Ileana Hernandez of Manatt Talks About How the Government is Responding to Increasing Healthcare Fraud

With healthcare costs continuing to skyrocket and the uncertainty of how the new presidential administration will handle health care reform and Medicaid, many people are starting to be concerned about the effect healthcare fraud is having.

Ileana Hernandez of Manatt, Phelps & Phillips recently sat down with us to talk about what she views as the greatest areas of fraud in health care today.

She says that one area that has really exploded lately is the fraudulent billing of Medicare, where medical supplies are billed to Medicare but are not actually used. According to Hernandez, this type of fraud has become so prevalent that the government began requiring certain medical supply companies to have better security measures in place, such as requiring their employees to request identification if they see something over a certain dollar amount being charged.

Another area of growing concern is the increased use of pharmaceutical drugs that are not FDA approved but are being used anyway.

“For example, there was a physician who bought an unapproved drug for hepatitis C because he could no longer get access to the medication he needed through his insurance company because it was too expensive.
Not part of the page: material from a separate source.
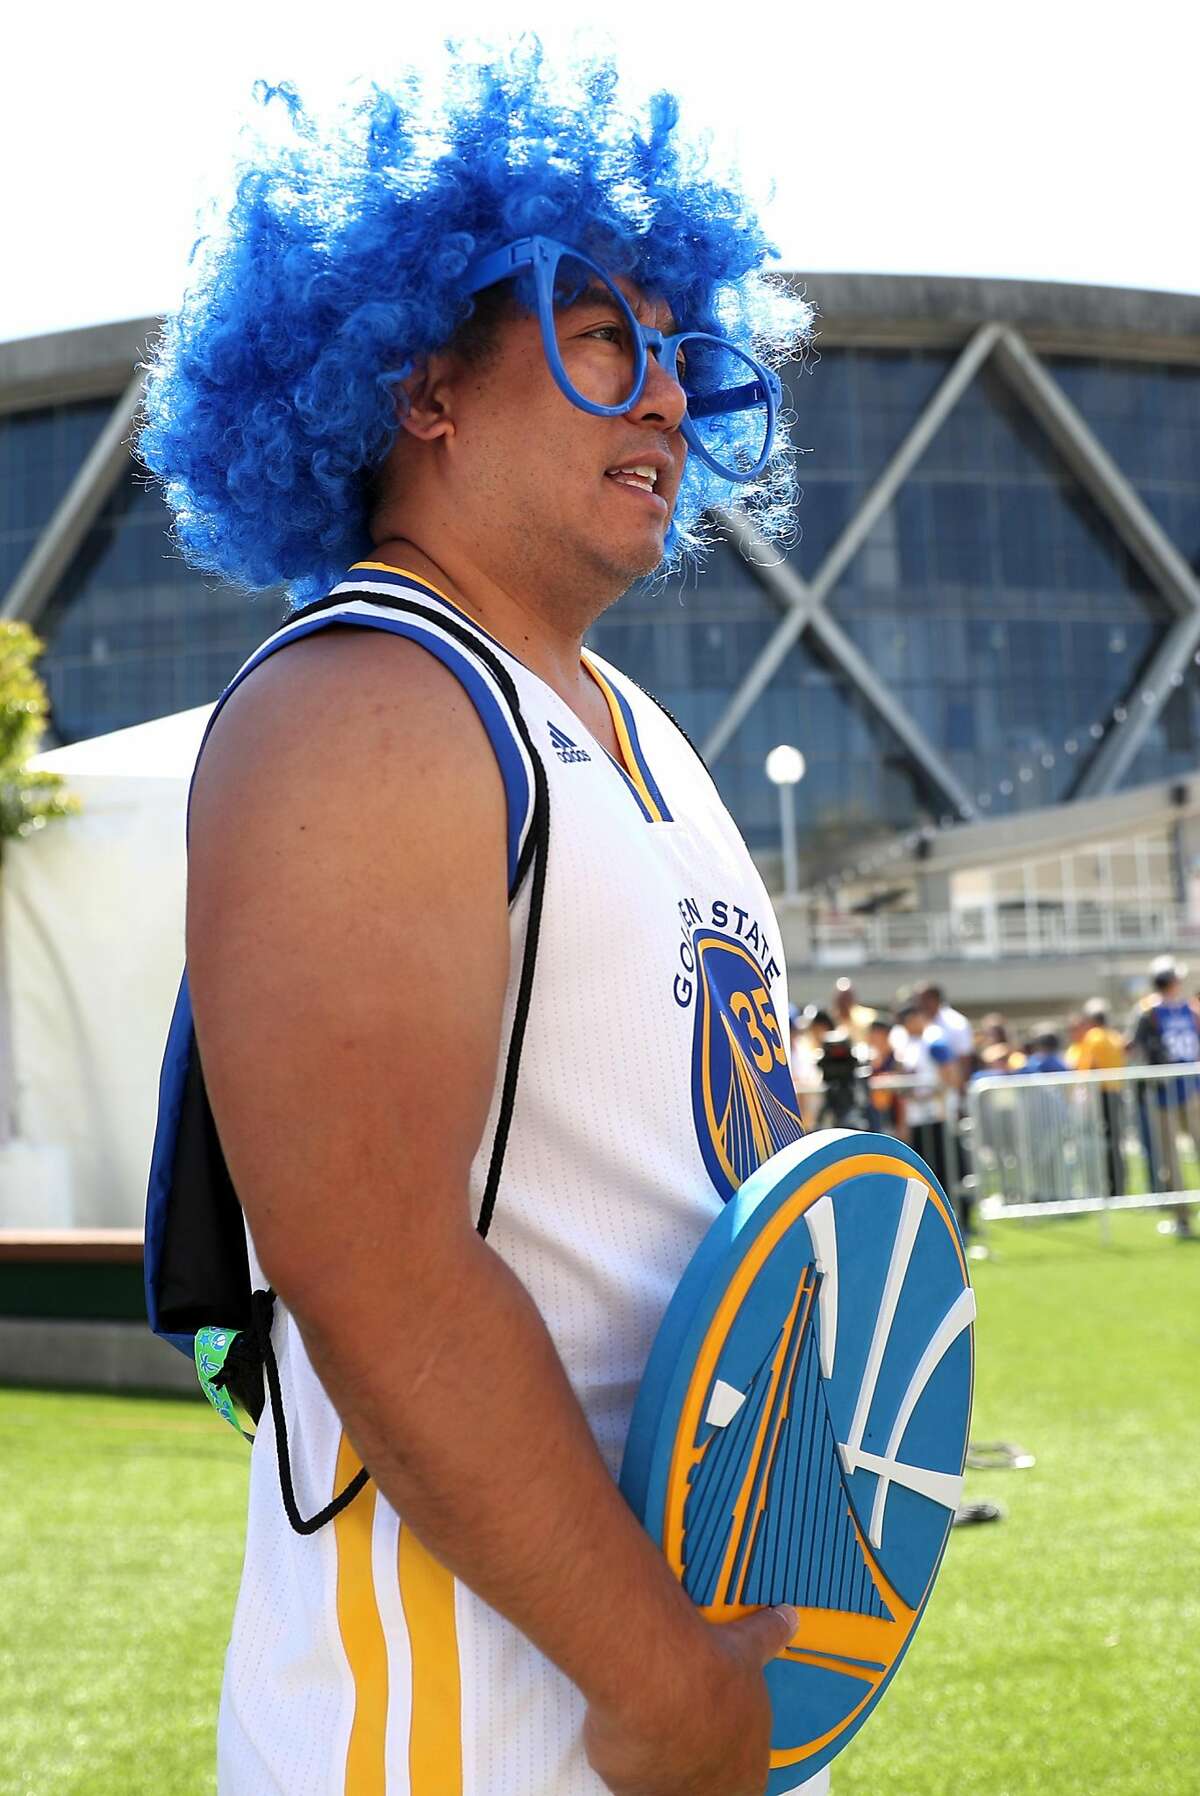 Golden State Warriors' fan Phil Eugenio of Union City waits in line to get a souvenir lanyard before Game 1 of the NBA Finals at Oracle Arena in Oakland, Calif., on Thursday, June 1, 2017.

So instead of prescribing something that wasn’t FDA approved, he bought it himself and then just charged his patients for it.”

It’s cases like this that Hernandez says the government is starting to take more seriously. “The feds are paying a lot of attention to physicians who order off-label drugs and supplies because there have been several recent prosecutions in medical device cases, where physicians have been criminally prosecuted for ordering something off-label, but billing Medicare for it.”

“There are some key areas of fraud that are emerging now,” Hernandez said. “The government is paying attention to them and starting to prosecute people in these areas aggressively.”

When asked what physicians need to know about fraud, she emphasized that they need to be very careful when ordering off-label drugs or supplies. “I would advise them not to do it unless there are extenuating circumstances.”

She also suggested that doctors review their insurance coverage for drugs and supplies regularly to identify when there is a problem with coverage quickly.

“You need to know that if patients come in who are having trouble affording their drugs or supplies, that you can get them some assistance. You don’t want your patient telling you they’re coming back because they can’t afford the medication, but then you have no way to help them.”

Hernandez pointed out that the government is also very serious about physicians who are not treating enough patients to maintain their financial stability, which makes them more likely to do something illegal. “The physician comes in and says ‘I need money because I’m about to lose my home or go bankrupt,’ so they enter into some sort of agreement,” Hernandez said. “There’s a lot of attention on physicians who are making this sort of claim. The government is very concerned about people who are in that situation and is paying close attention to them.”

Another area where the government has been stepping up its efforts recently is civil monetary penalties and exclusion, she explained. “It’s a permanent revocation of their ability to participate in Medicare and Medicaid.”

The final area where the government is starting to focus its attention more heavily is with people who provide incentives to physicians or patients for prescribing or purchasing things that are not medically necessary or authorized by law.

Hernandez was quick to point out that even though it might seem like there’s more enforcement taking place, this is not an indication that physicians are under greater scrutiny. “The government always could do what they’re doing now; they’ve just decided to be more proactive about it.”